The test substance did not induce a significant increase of the TFT resitant mutant frequency without rat liver S9 metabolic activation. At the high concentration of 5 ug/mL without S9 metabolic activation and a 4 hr exposurse period the % Relative Total Growth was 5%. At the high concentration of 4 ug/mL without S9 metabolic activation and a 20 hr exposurse period the % Relative Total Growth was 23%. At the high concentration of 50 ug/mL with rat liver S9 metabolic activation and a 4 hr exposure period the % Relative Total Growth was 11%.

In the presence in of rat liver S9 metabolic activation and a 4 hr exposure the test substance induced a significant dose-related increase of the mean Induced Mutant Frequency of 92.5 at the high concentration of 50 ug/mL. The increase of the mutant frequency at 50 ug/mL was 2.65-fold the concurrent vehicle control mean mutant frequency value. Sizing of the TFT resistant mutants on the test substance S9 metabolic activation plates demonstrated an increase in the frequency of small colony mutants.

Remarks on result:

other: strain/cell type:

Remarks:

Migrated from field 'Test system'.

Conclusions:

Interpretation of results (migrated information):
positive with metabolic activation

The data demonstrate that the test substance is mutagenic to mouse lymphoma cells when metabolically converted to an ultimate mutagen. The increase in the frequency of small colony mutants under the conditions of S9 metabolic activation suggests that the test substance is capable of causing chromosome damage in chromosome 11 of these mouse cells.

Executive summary:

The test substance, Formaldehyde, polymer with 1,3 -benzenedimethanamine and phenol was evaluated to induce gene-mutation in mouse lymphoma cells in culture in an O.E.C.D. test guideline 476 study. The test substance did not induce gene-mutation in the absence of rat liver fraction S9 metabolic activation. However, the data demonstrate that the test substance is mutagenic to mouse lymphoma cells when metabolically converted to an ultimate mutagen. The increase in the frequency of small colony mutants under the conditions of S9 metabolic activation suggests that the test substance is capable of causing chromosome damage in chromosome 11 of these mouse cells.

Endpoint conclusion

Endpoint conclusion:

adverse effect observed (positive)

Additional information

Additional information from genetic toxicity in vitro:

The test substance did not induce evidence of genotoxicity in the Ames bacterial mutation and CHO in vitro chromosome aberration assays with or without rat liver derived S9 metabol;ic activation preparation when test upto cytotoxic concentrations.

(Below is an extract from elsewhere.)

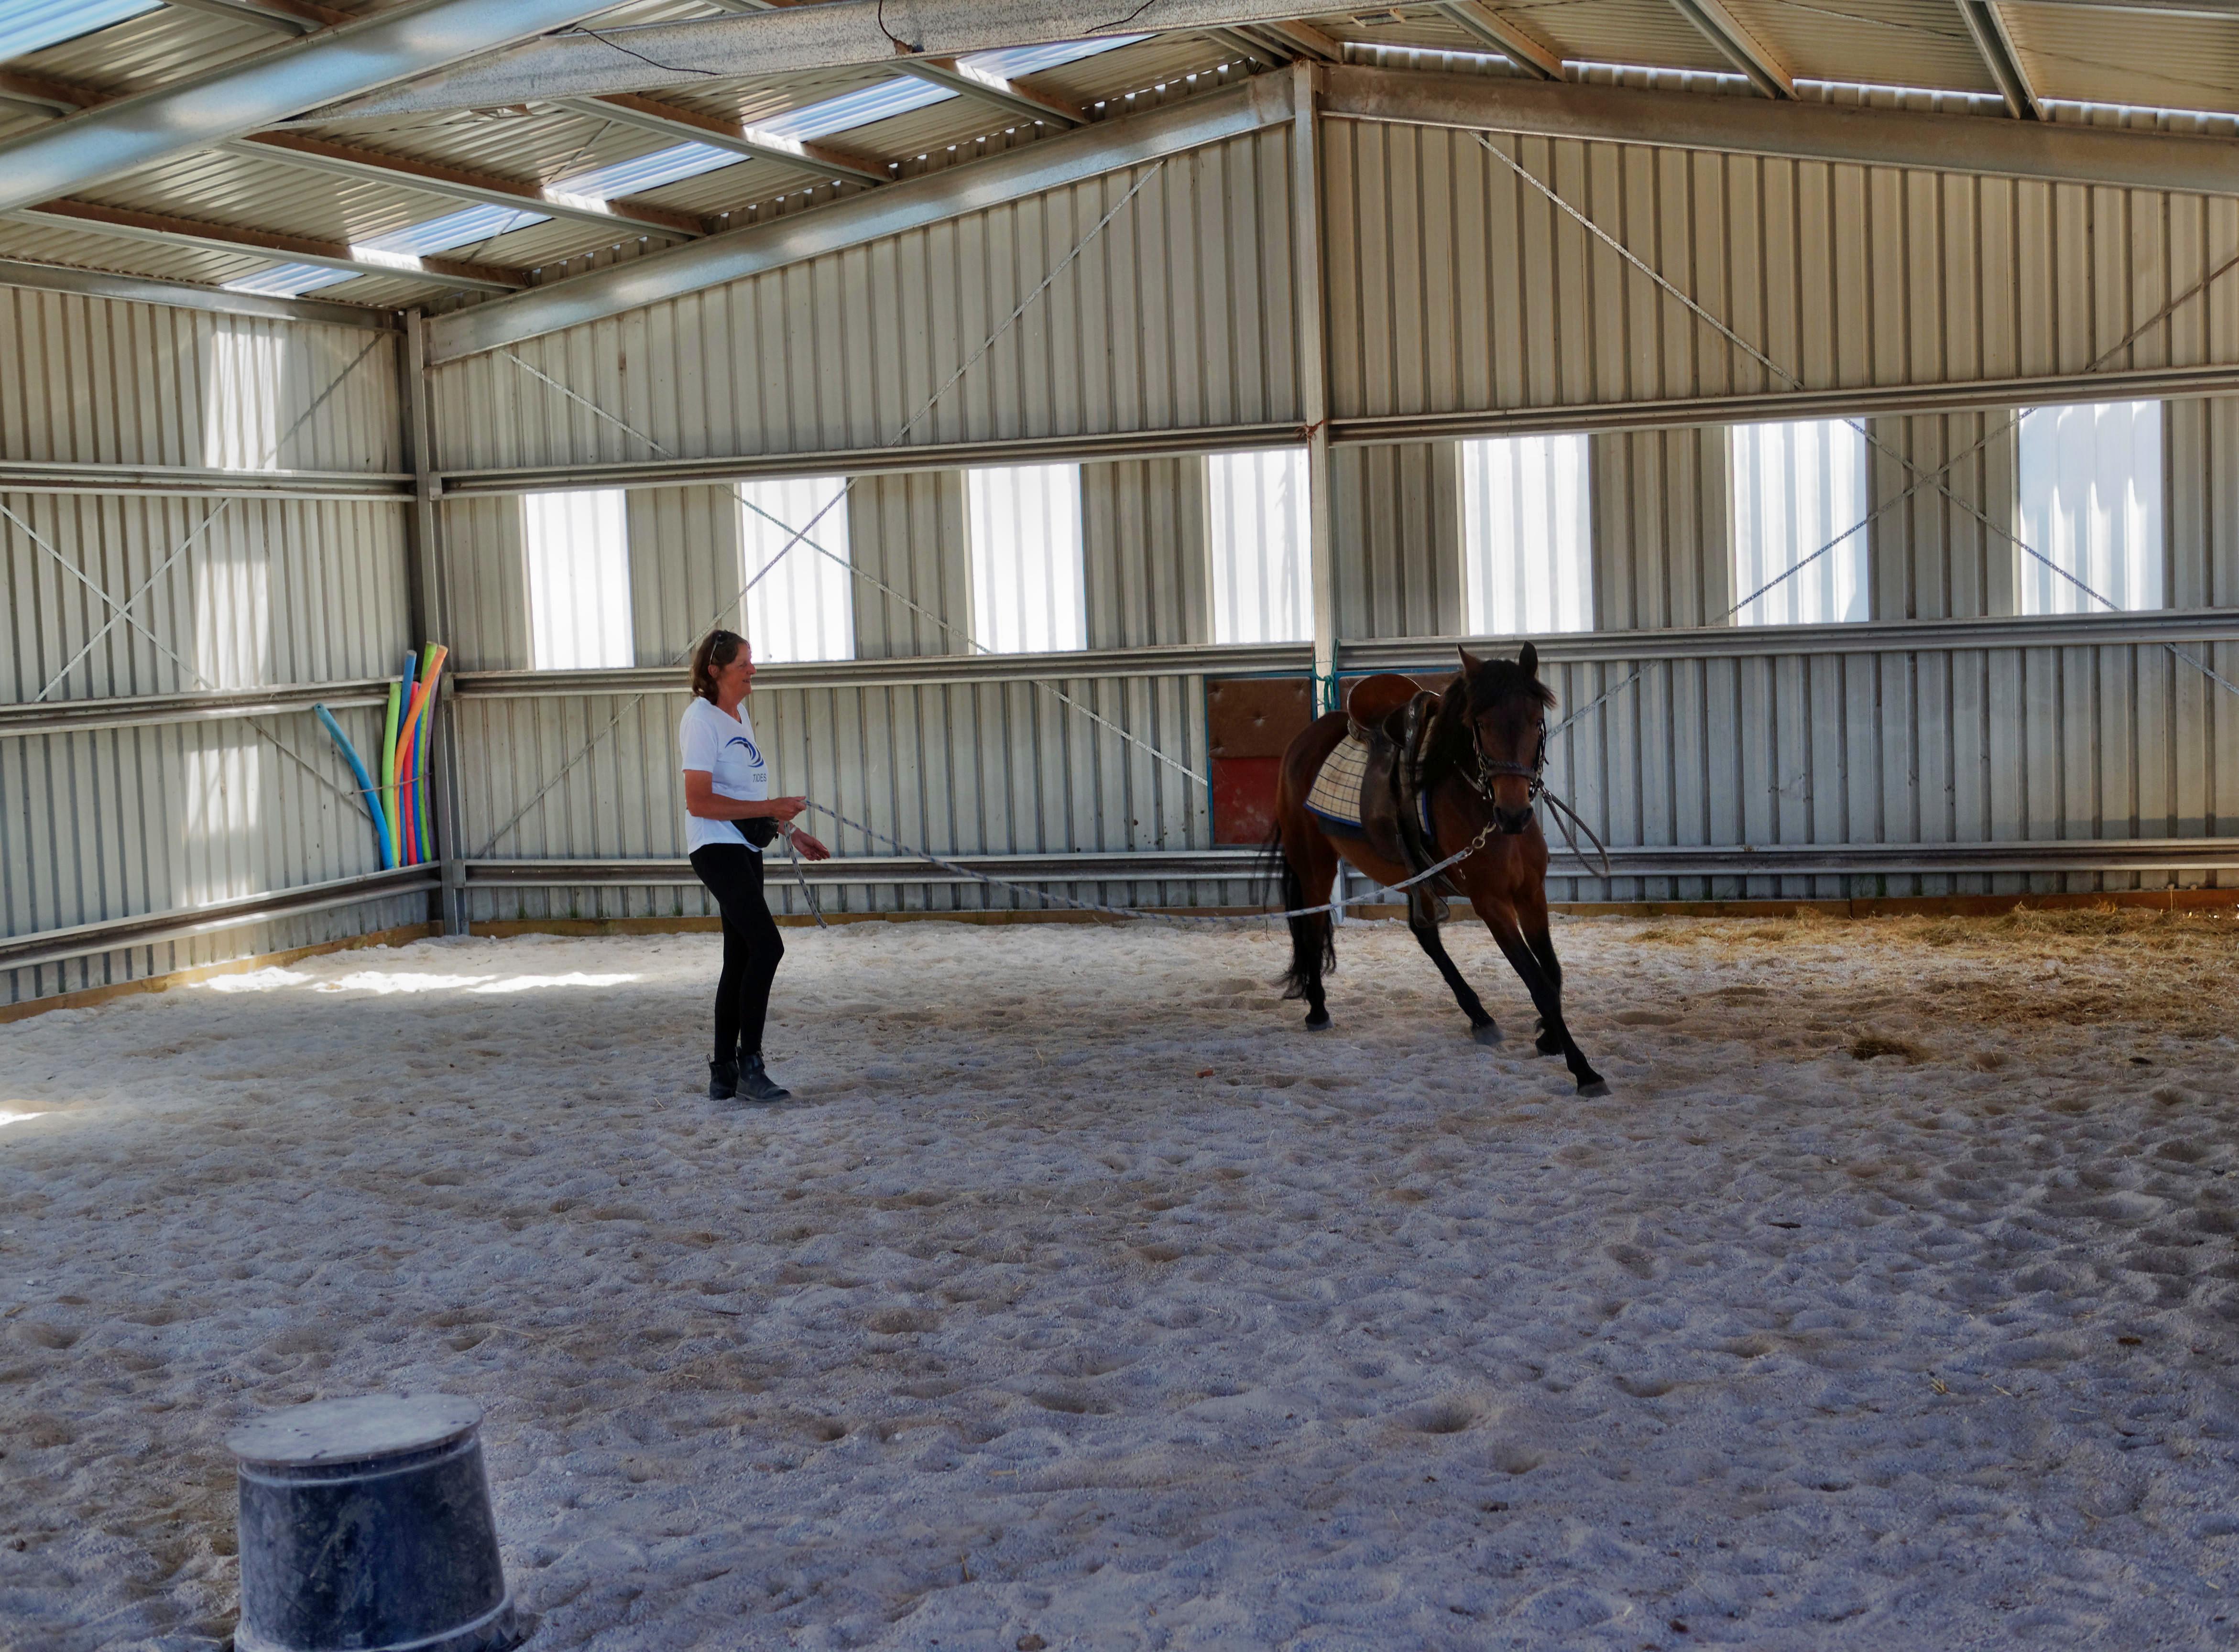 Horses-16.jpeg

The test substance induced a dose-related increase of the TFT resistant mutant frequency in L5178Y mouse lymphoma cells that reached a mean value of 92.5 induced mutants at the high concentration of 50 ug/mL. The mutant frequency observed at 50 ug/mL was 2.65 -fold the concurrent vehicle control value. An increase in the frequency of small colony mutants was observed suggesting that the test substance is capable of inducing chromosome aberration in chromosome 11 of the mouse lymphoma cells.

Justification for selection of genetic toxicity endpoint
Positive response observed for gene-mutation in L5178Y mouse lymphoma cells in the presence of rat liver S9 fraction metabolic activation.

Justification for classification or non-classification

Data from an in vivo genotoxicity test is currently not available for the test substance. Therefore, Classification and Labeling for potential gene-mutation can not be made at this time. An in vivo test for genotoxicity is planned.